> [Provided material]:
————
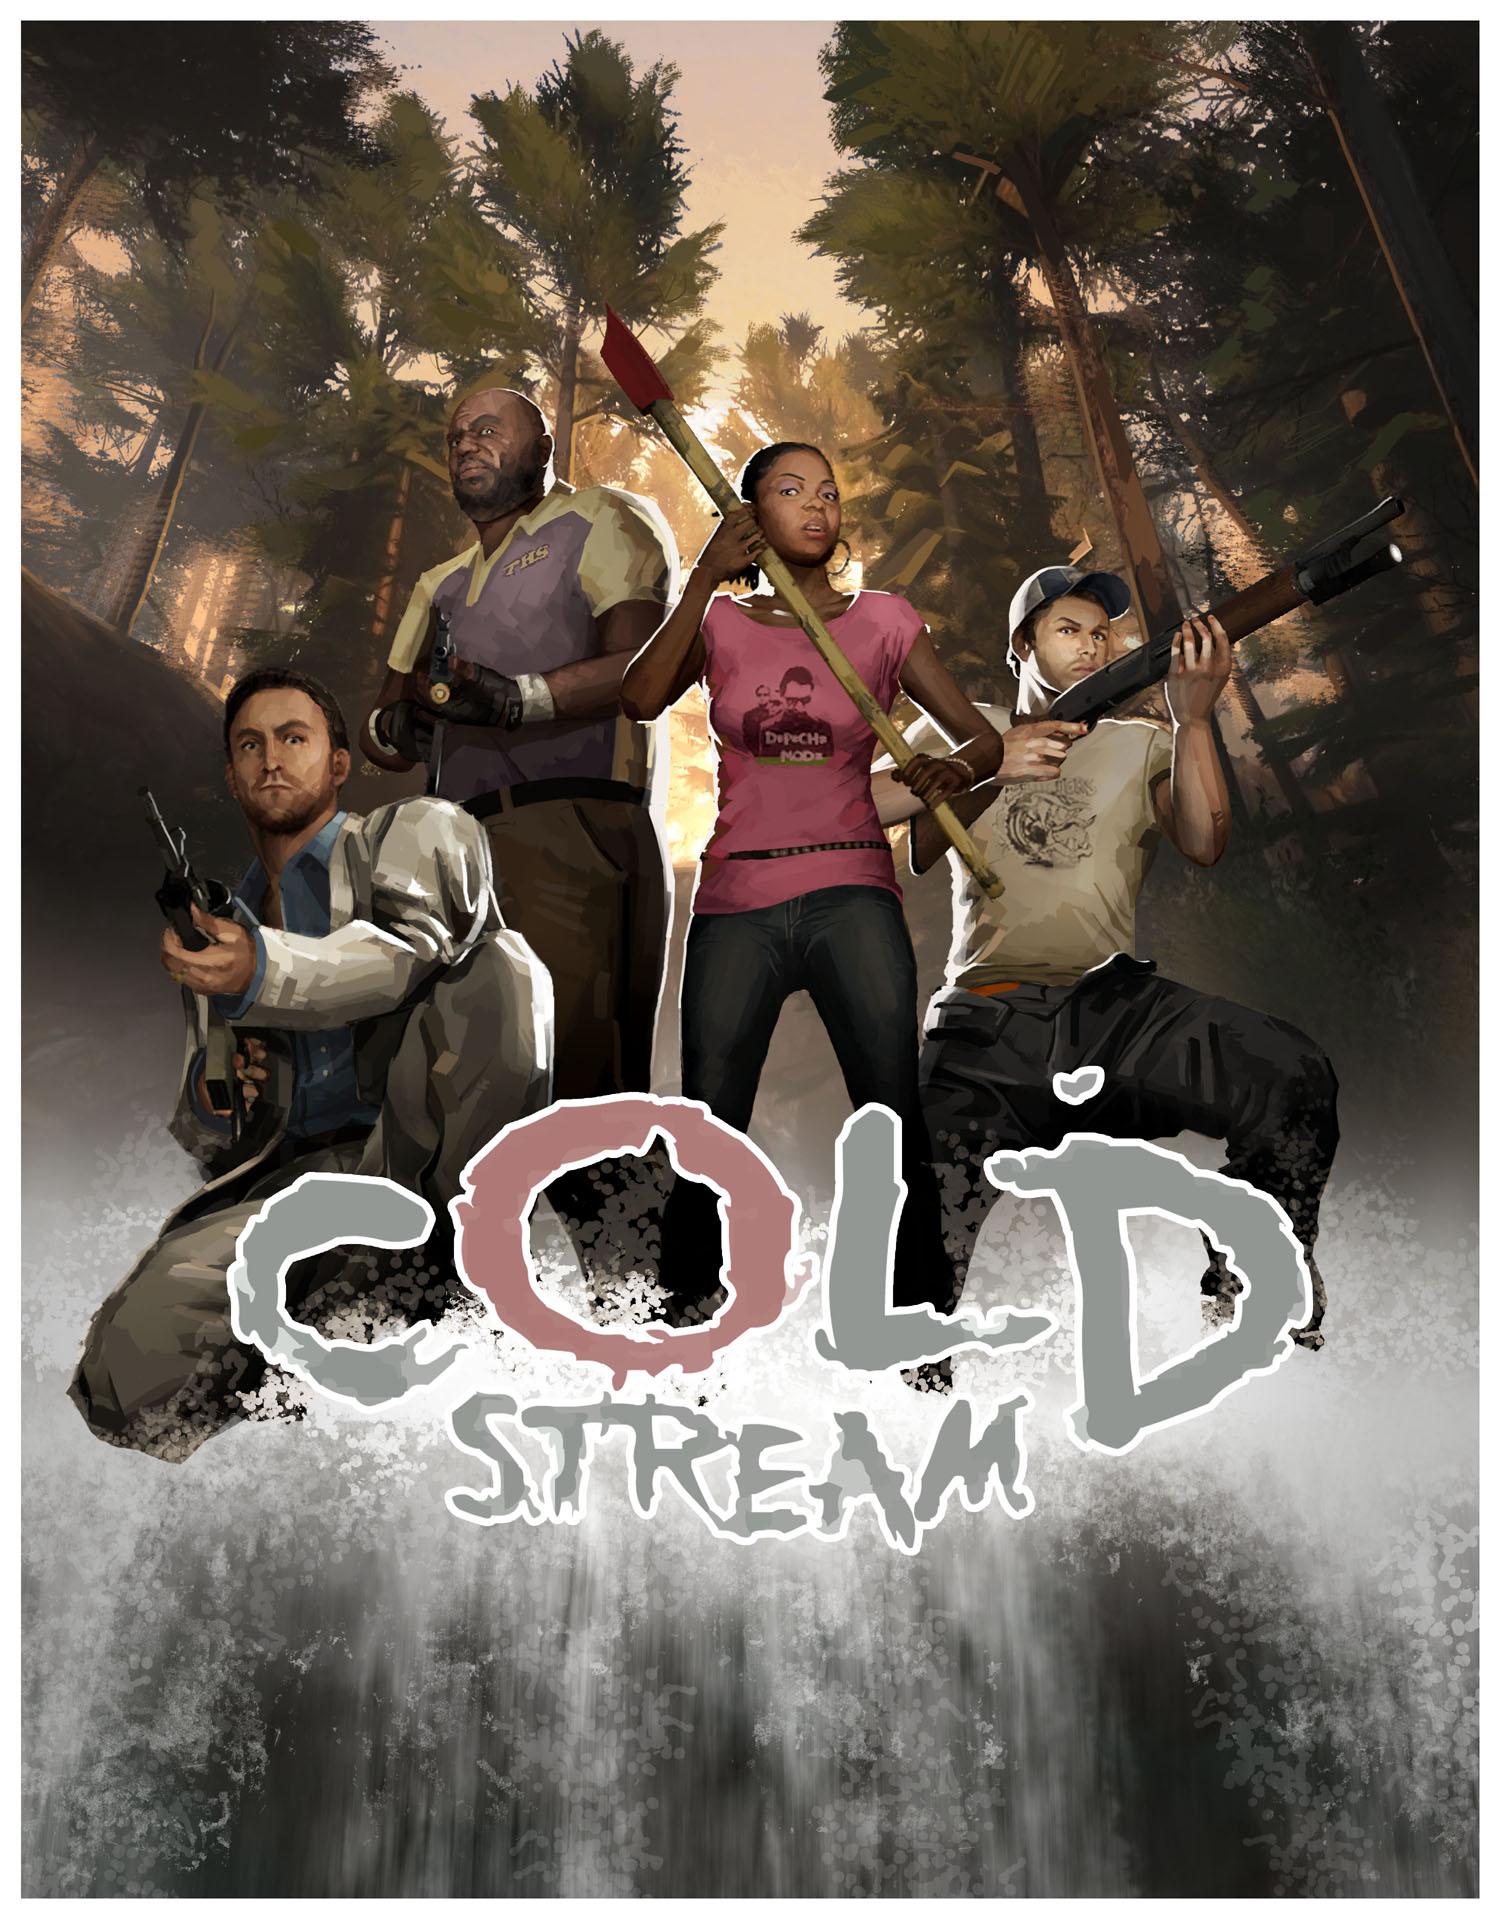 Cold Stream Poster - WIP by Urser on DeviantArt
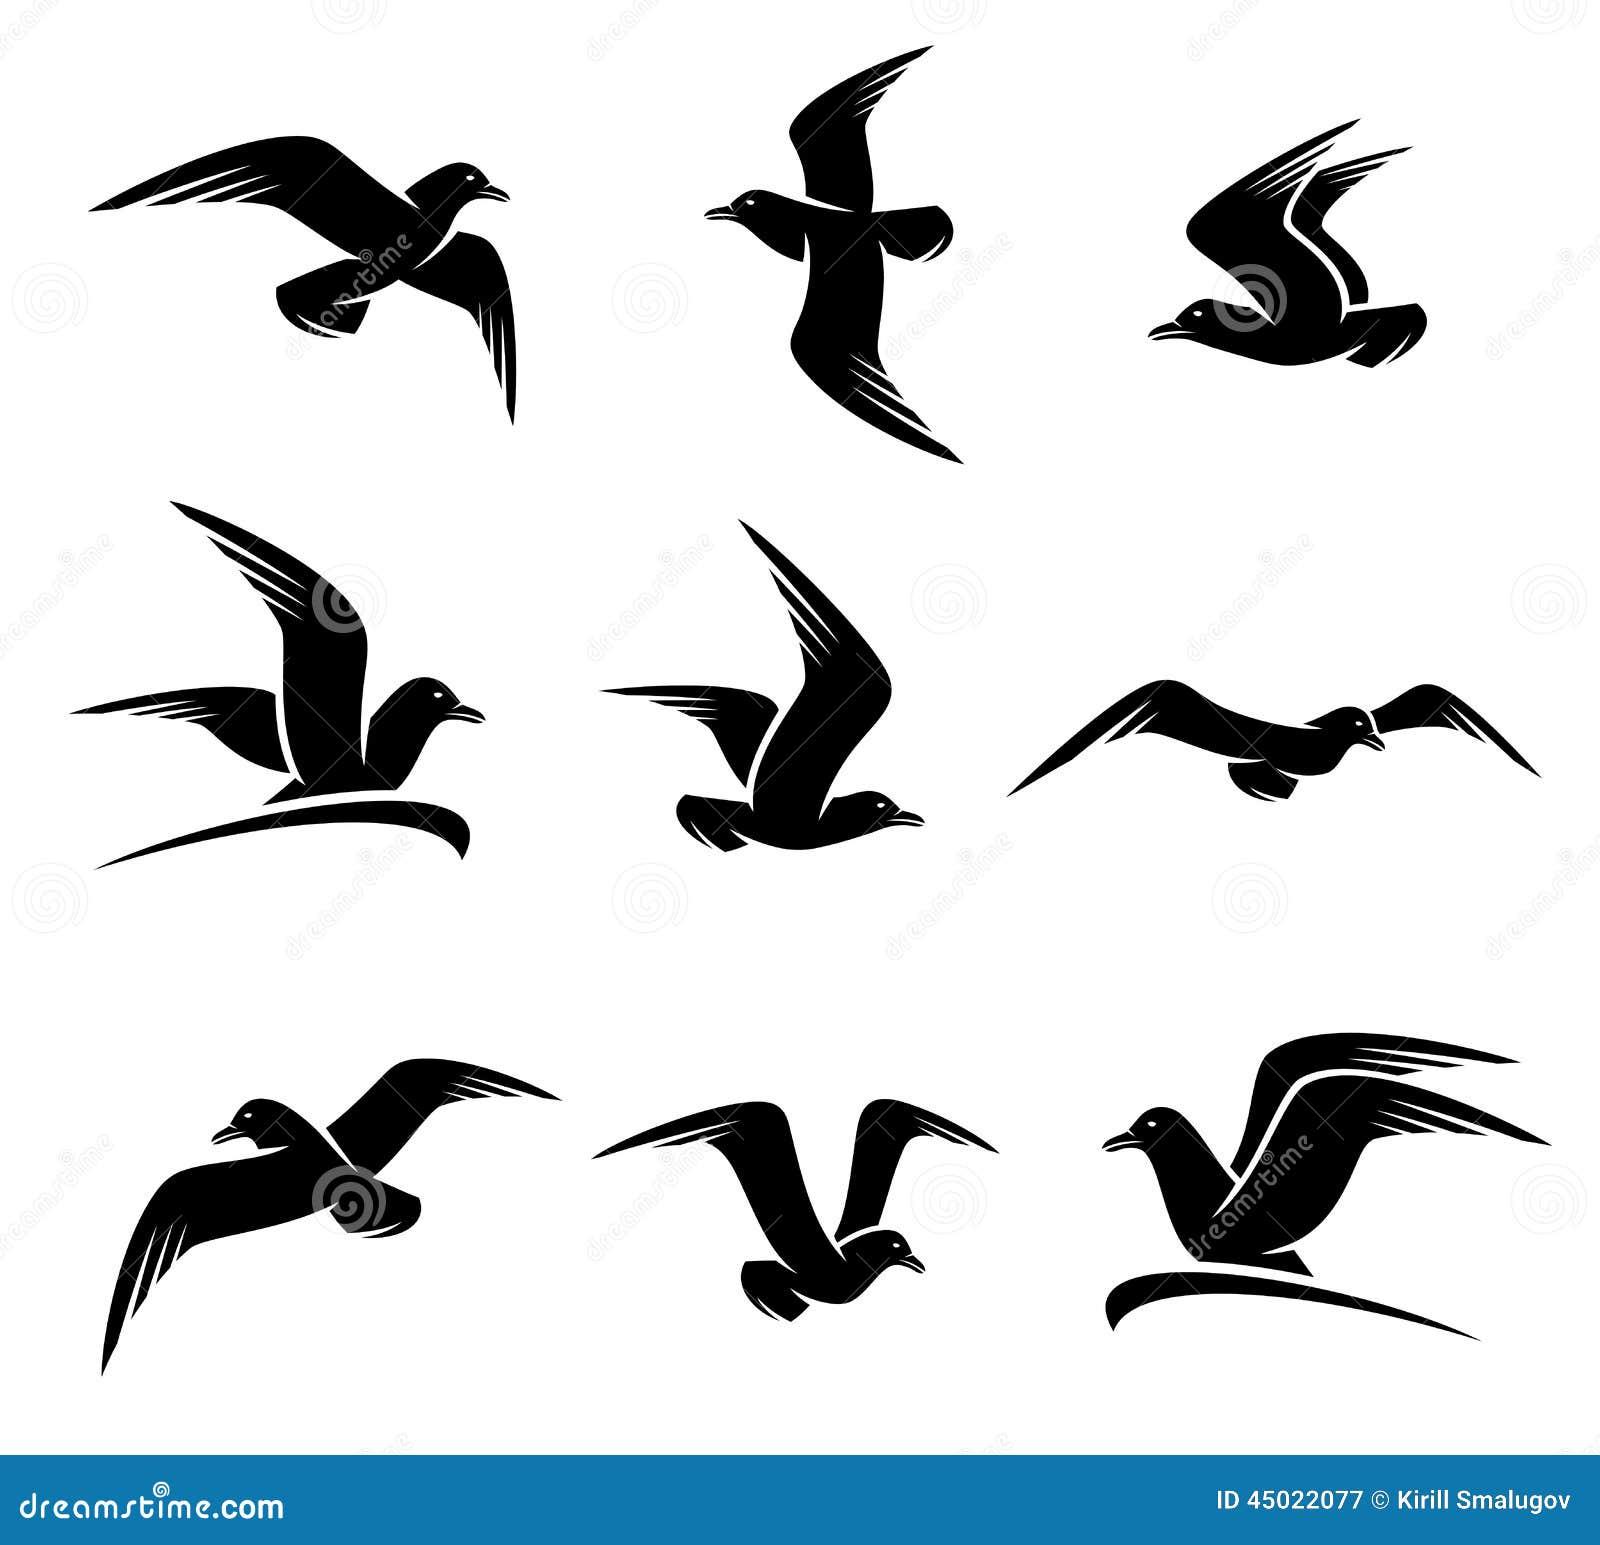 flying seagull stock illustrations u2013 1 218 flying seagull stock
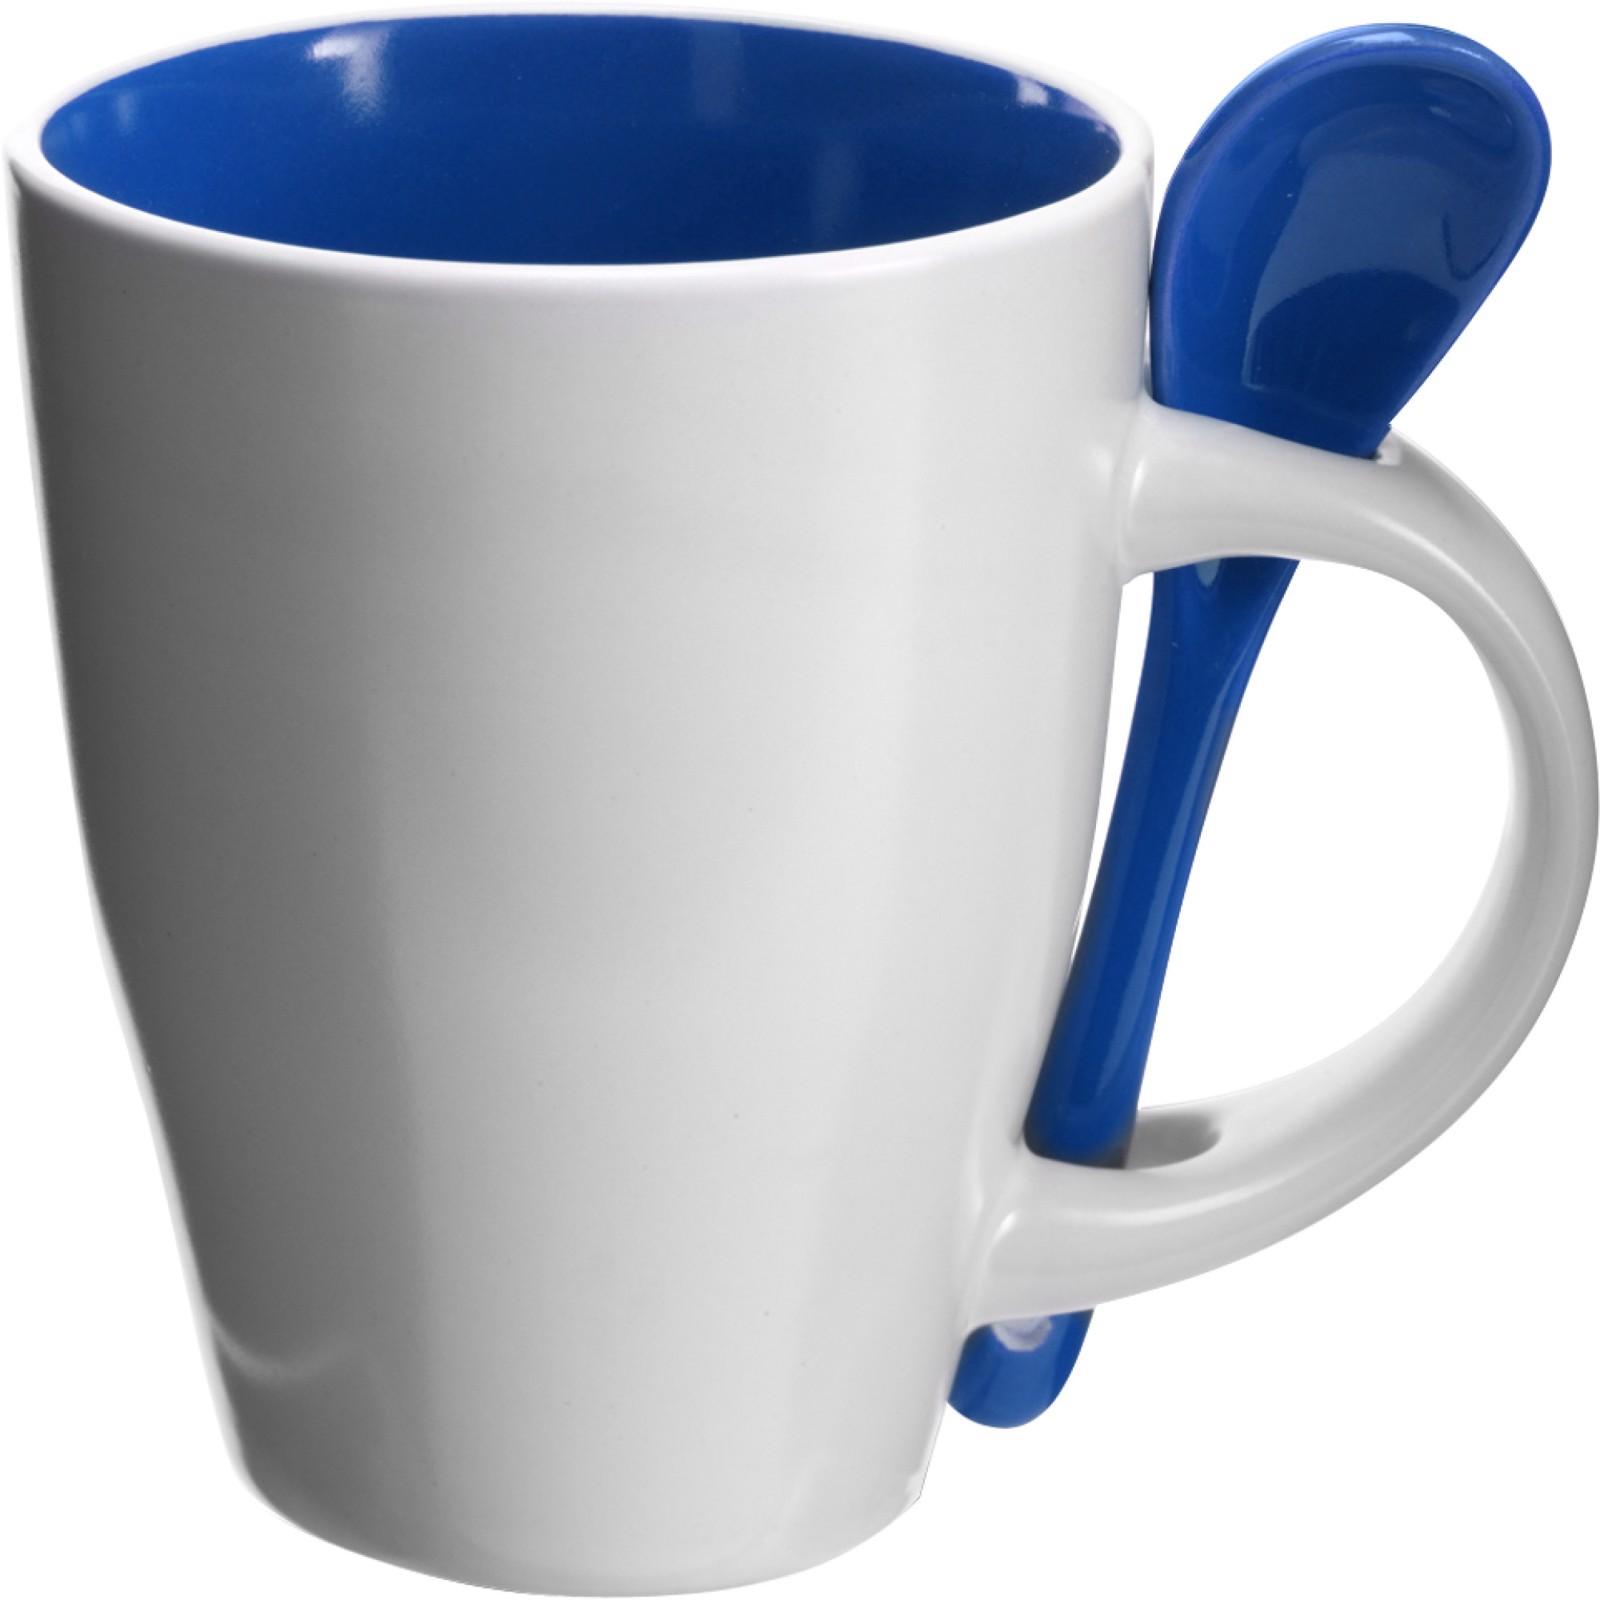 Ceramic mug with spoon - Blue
————
Without the pictures, repeat the listing word for word.

> [Solution below]:
 Cold Stream Poster - WIP by Urser on DeviantArt
 flying seagull stock illustrations u2013 1 218 flying seagull stock
 Ceramic mug with spoon - Blue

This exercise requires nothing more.